Ce nouveau parti s’inscrit dans le prolongement des idées et des convictions des mouvements Nahda et Islah que Djaballah avaient dirigés avant de se retirer sous la pression de mouvements de protestation internes. « Nous ne représentons un danger pour personne, ni pour les autres partis politiques, ni les institutions, ni l’ État », a estimé Djaballah à propos de son nouveau parti qui n’est pas encore agréé. Cette nouvelle formation politique, qui compte dans ses rangs des noms connus sur la scène politique, se fixe pour objectifs d’œuvrer pour que l’appareil d’État détienne la  pleine légitimité et de contribuer à construire une société fondée sur  la culture de la Choura (consultation) et des principes démocratiques. Le FJD entend plaider l’alternance  pacifique au pouvoir à travers des élections libres et honnêtes, et lutter contre les injustices à travers l’élimination de toutes les formes d’abus et de népotisme dans les administrations.

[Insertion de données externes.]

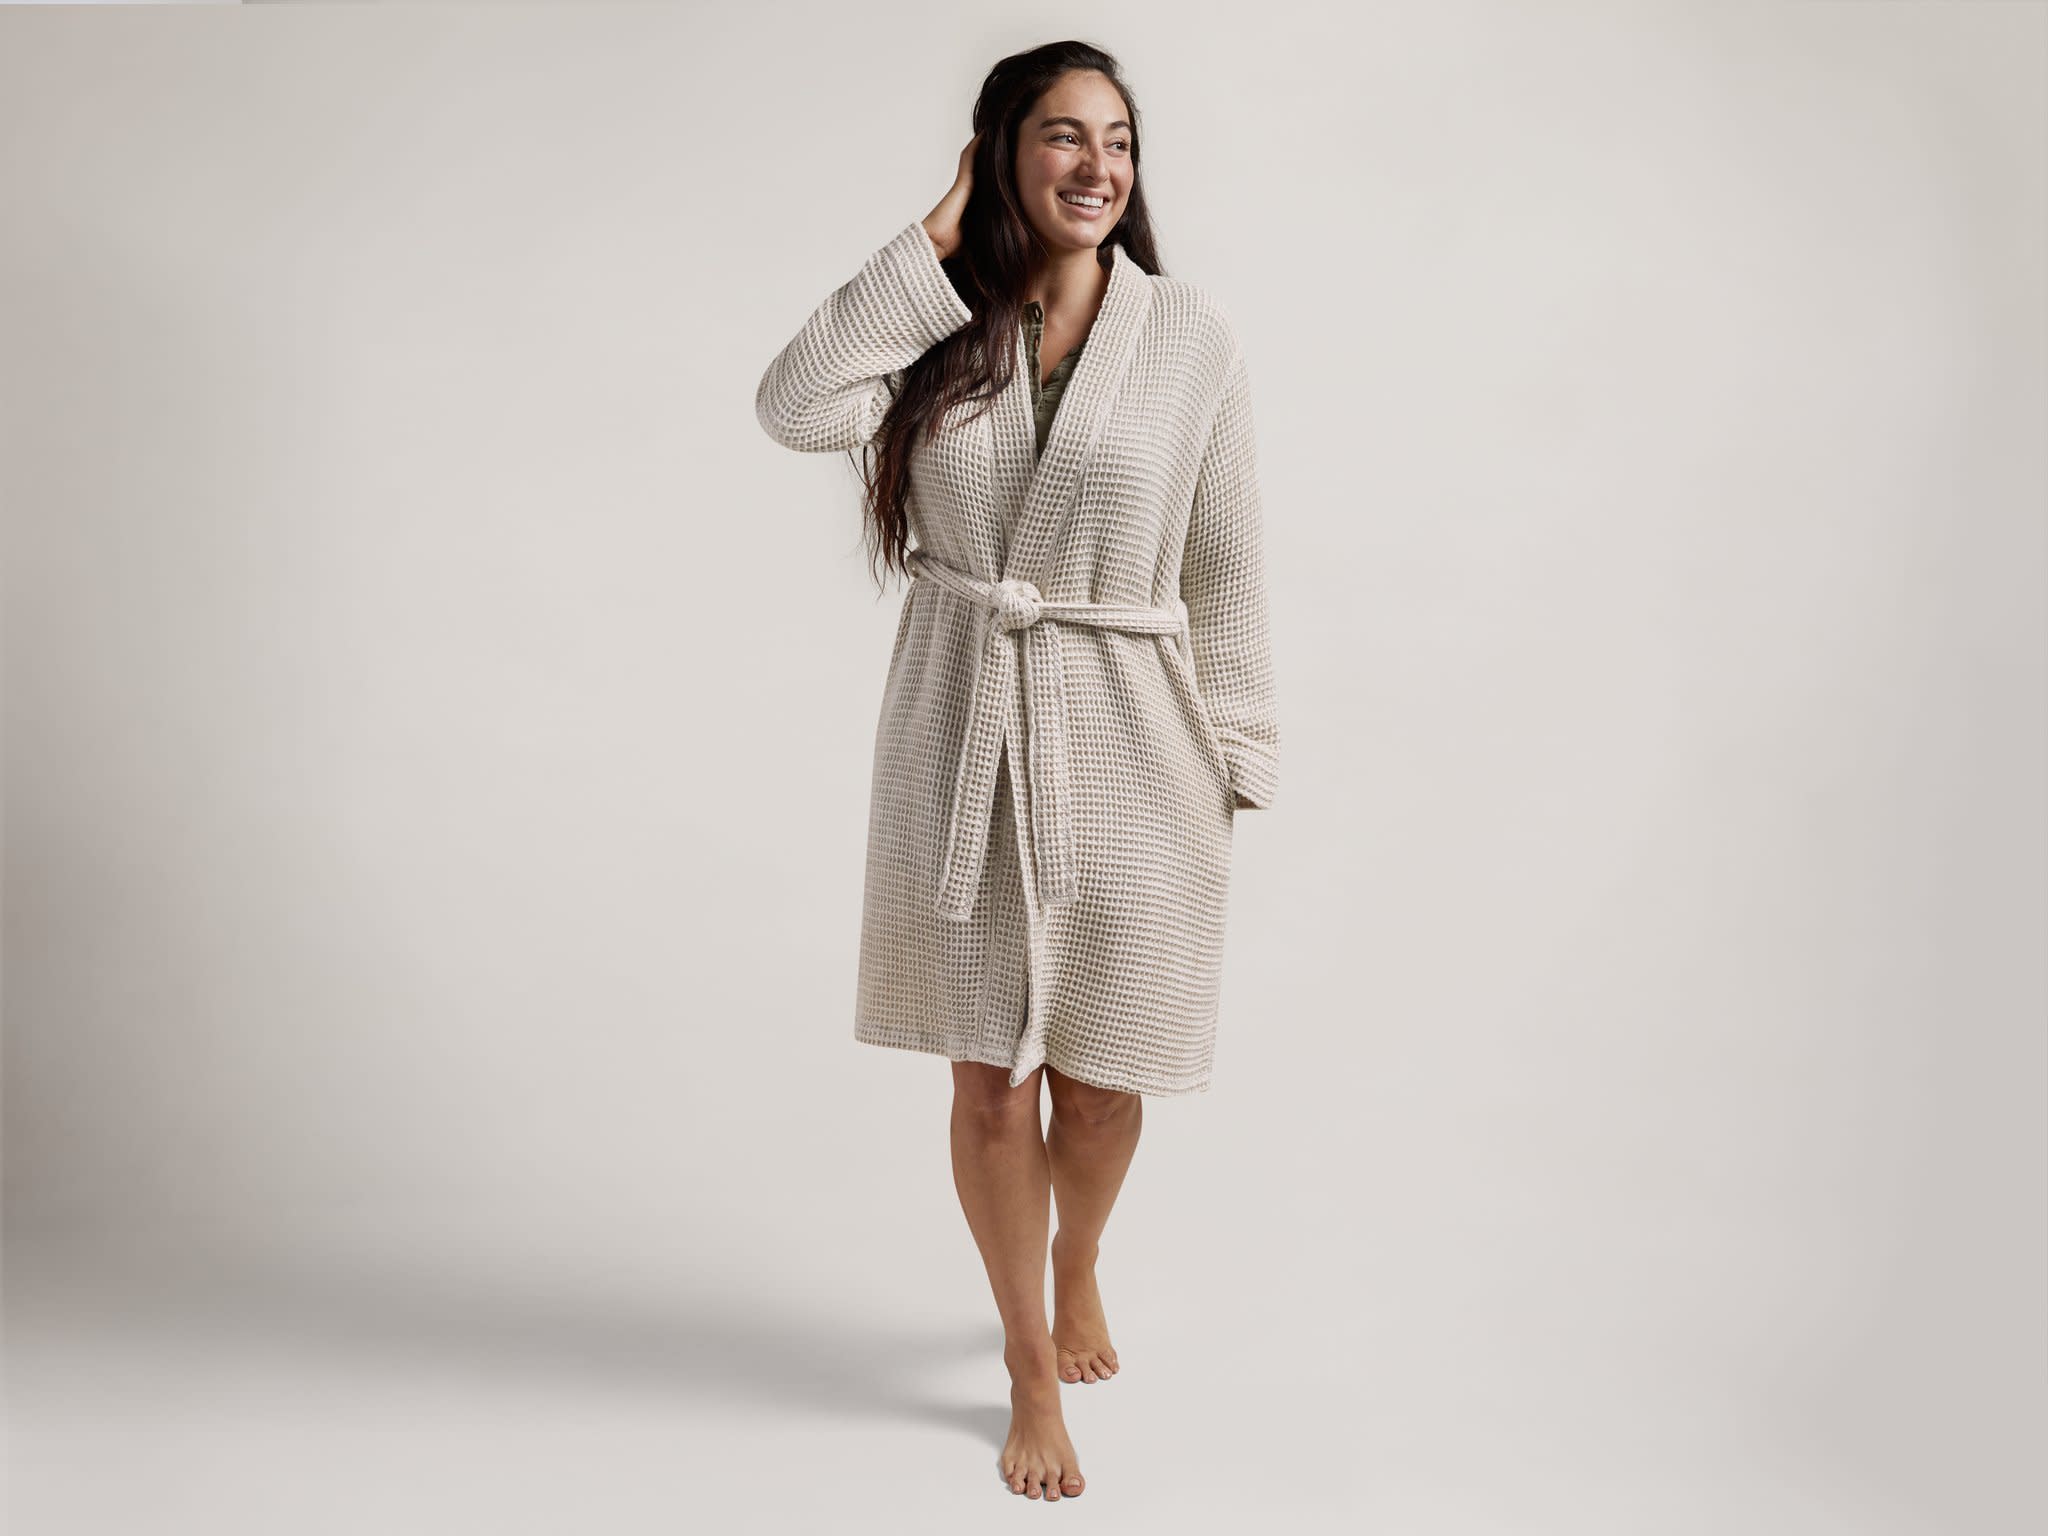 Tan Waffle Robe Shown In A Room

Dans une allocution lors de la réunion constitutive de ce parti, Djaballah a précisé que cette nouvelle formation politique représentait un « mouvement politique réformateur global ». Pour le président du nouveau parti, l’opposition demeure « l’un des meilleurs  instruments de consolidation et de développement de la politique de l’État ». Les fondateurs du FJD ont par ailleurs indiqué vouloir participer aux prochaines élections législatives prévues en septembre 2012. « Le parti ne gouvernera pas seul, même s’il gagne la majorité des sièges », a assuré samedi  Djaballah. Selon lui, dans la conjoncture politique actuelle, aucune formation politique n’est en mesure de diriger toute seule un pays comme l’Algérie qui a besoin de consensus sur les grandes questions politiques, sociales et économiques.